Помимо этого в содержание послания входит еще много интересного, например, сведения о том, как возрастают благополучие и могущество мертвых, по крайней мере, великих избранных мертвецов. Безвозвратно утерянный трактат Парменида, носивший название «О неравенстве мертвых», наверняка обретет новый смысл в благой вести из Парадиз-синема. И если живые в многовековой борьбе за равноправие добились определенных успехов, то неравенство мертвых, напротив, достигло уровня, неведомого даже во времена Хеопса. Обладатели фундаментальных гробниц-пирамид могли приравниваться к богам, и эта конвенция была, безусловно, действенной. Но причисление к лику живых им все-таки не светило, Нефертити могла только мечтать о статусе Мэрилин Монро или Греты Гарбо.

Кстати, любопытно, что обретение скромных средств домашней визуальности нисколько не выравнивает беспрецедентного неравенства мертвых: интернет-ролики – это песочные куличики по сравнению с пирамидами снаффов.

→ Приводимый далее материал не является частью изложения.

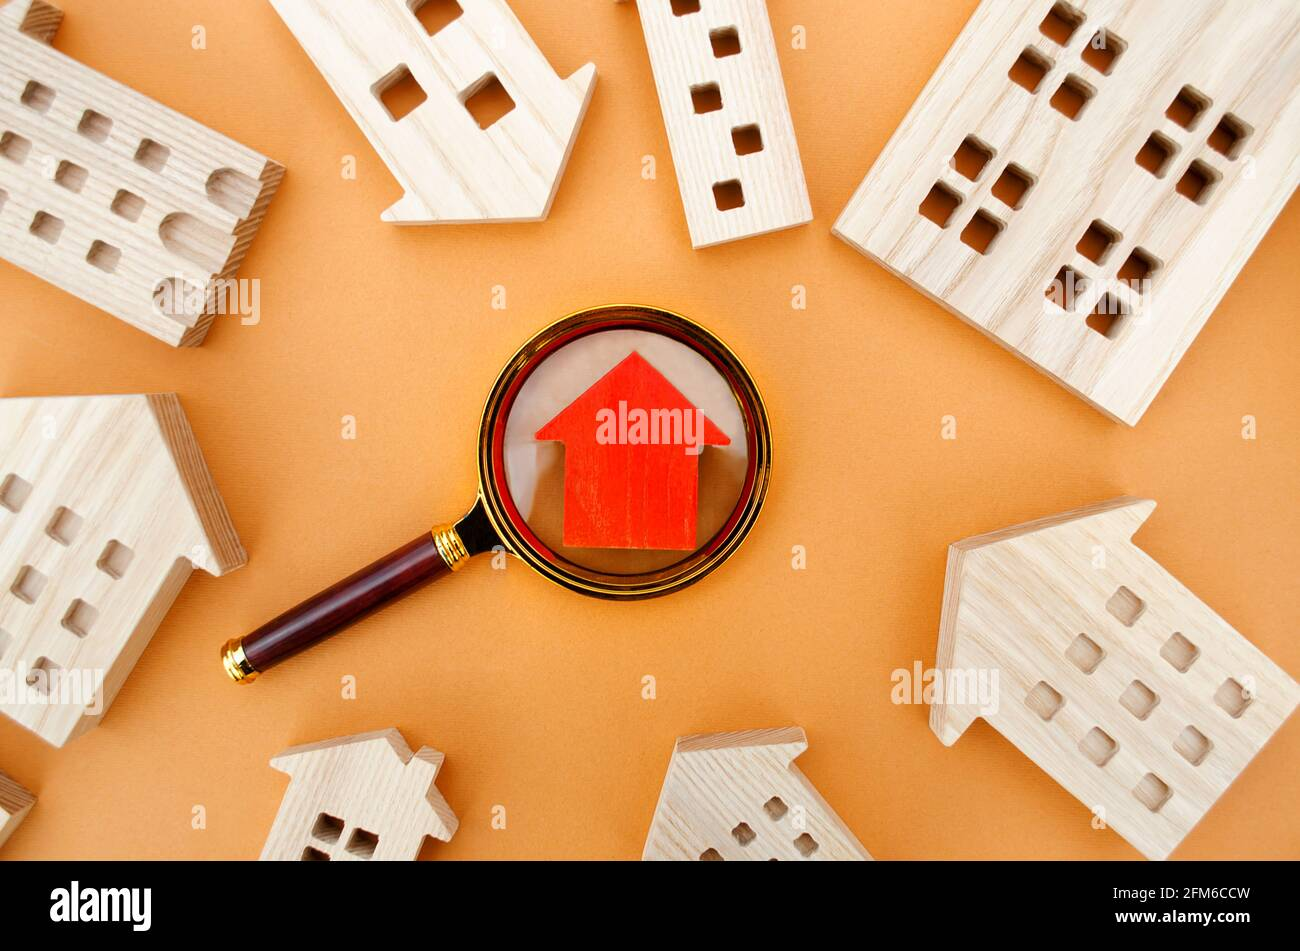 Lupa y casas de madera. Casa buscar concepto. Inicio evaluación. Valoración de Inmuebles. Elección de la ubicación para la construcción. Búsqueda de h Foto de stock

Тем настоятельнее, зазывнее зов, манящий с того света. В сущности, ему препятствуют две вещи: сопротивление посюсторонней телесности и фактор встроенного обновления.

Тело и примыкающие к нему атрибуты прекрасной соматизации могут быть слишком далеки и недоступны, а путь преобразования немногим легче аскезы христианских пустынников. Пожалуй, средневековые трактаты «О подражании Христу» в чем-то бледнеют перед горестным вопросом: «Где я, а где Ален Делон?»

Однако сегодняшняя революция в гламурной аскезе существенно ослабила действенность первого препятствия, зов мертвых вызвал новый расцвет гимнасических и мусических искусств. Состав их, разумеется, изменился и продолжает меняться – фитнес, ботокс, косметическая и пластическая хирургия. В целом сумму этих процедур можно охарактеризовать как ванны с мертвой водой; как будто Облако-рай, окутывающее Парадиз-синема, проливается дождями мертвой воды, имеющими то же предназначение, что и мертвая вода русских сказок: а именно приведение изувеченного или увечного тела в благообразный вид. Живой воды не предусмотрено, поэтому оживотворение заменяет простейшая анимация – так осуществляется обходной маневр Первого загробного похода.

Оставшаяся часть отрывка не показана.